It is in terms of the “correct” definition of technology (as a means to an end) that the “problem” of modern technology has been framed as an issue of control. Since the industrial revolution, man’s tools have appeared to take on a life of their own: means have transformed themselves into ends, and humanity has become the servant of its instruments. This is the phenomenon that Marx addressed as reification, and that Weber analyzed under the rubric of rationalization.92 Where means become ends, it is a question of reasserting human control—of regaining our alienated subjectivity, as Marx would say. In this way, the instrumental conception of technology conditions “every attempt to bring man into the right relation to technology”: everything seems to depend upon our manipulating technology in the proper manner as means (QCT, 5). Thus, the task we set for ourselves: “we will, as we say, ‘get’ technology ‘spiritually in hand.’” We will master it” (QCT, 5). The more technology threatens to slip from control, the more urgent becomes the will to mastery.

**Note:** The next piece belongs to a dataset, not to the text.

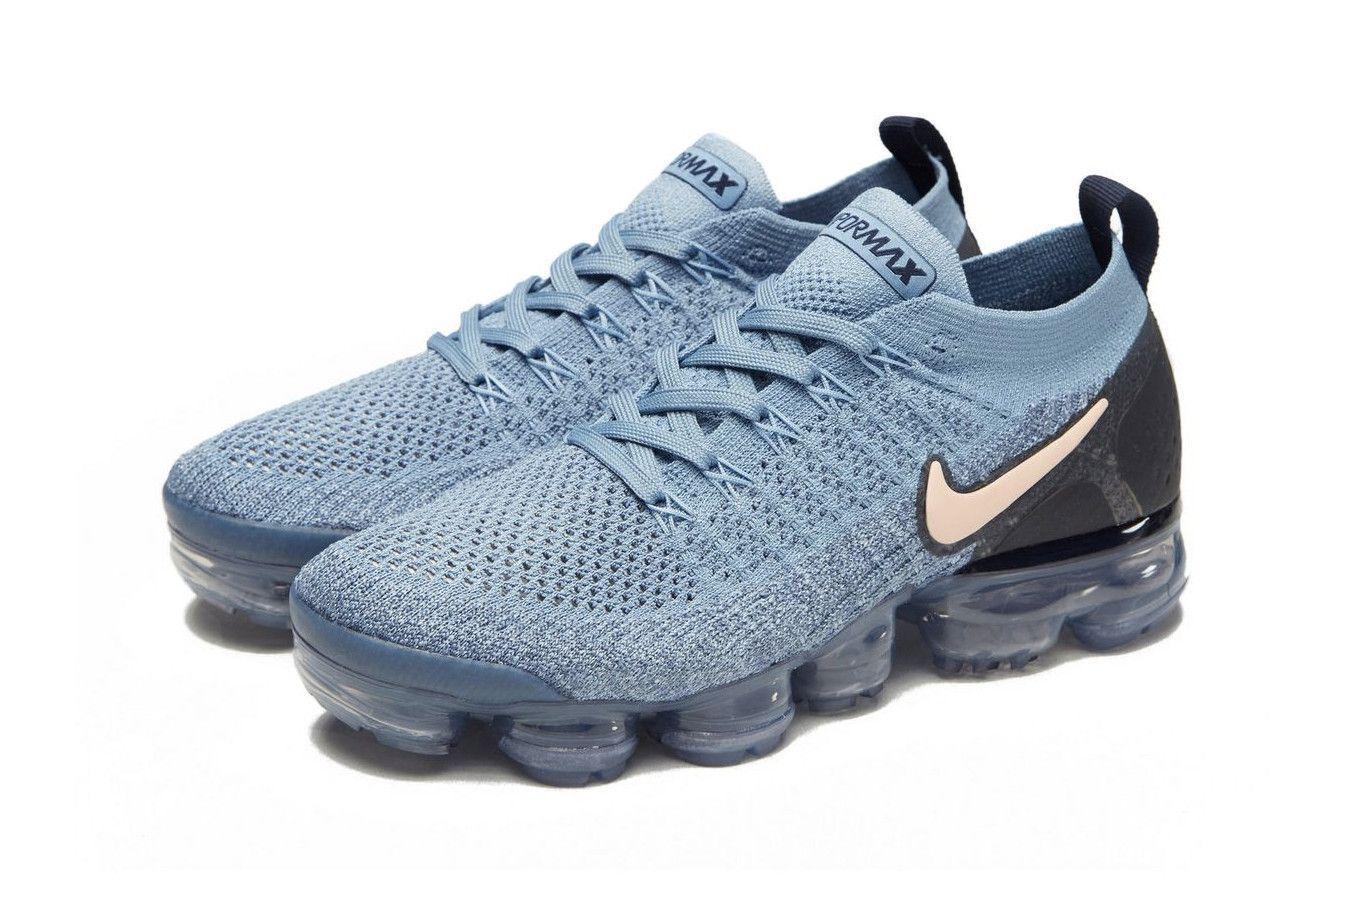 c2eef89f48 Nike Drops Air VaporMax Flyknit 2.0 in Baby Blue Light Blue Womens Sneaker  #womenssneakers. Fashion sneakers.

Heidegger, however, poses an unsettling question: “Suppose that technology were no mere means, how would it stand with the will to master it?” (QCT, 5). This question implies that the “correct” definition conceals at least as much as it reveals. And indeed, according to Heidegger, “the correct instrumental definition of technology still does not show us technology’s essence” (QCT, 6). But this essence—the “true”—can be pursued only by way of the “correct.” Accordingly, the question concerning technology must proceed by first inquiring into the nature of the instrumental as such: “Within what do such things as means and ends belong?” (QCT, 6). The answer to this question is that a means “effects” or “attains” something; it is a cause. Likewise, the end that determines the choice of means in also considered a cause. Thus, “wherever ends are pursued and means are employed, wherever instrumentality reigns, there reigns causality.” (QCT, 6).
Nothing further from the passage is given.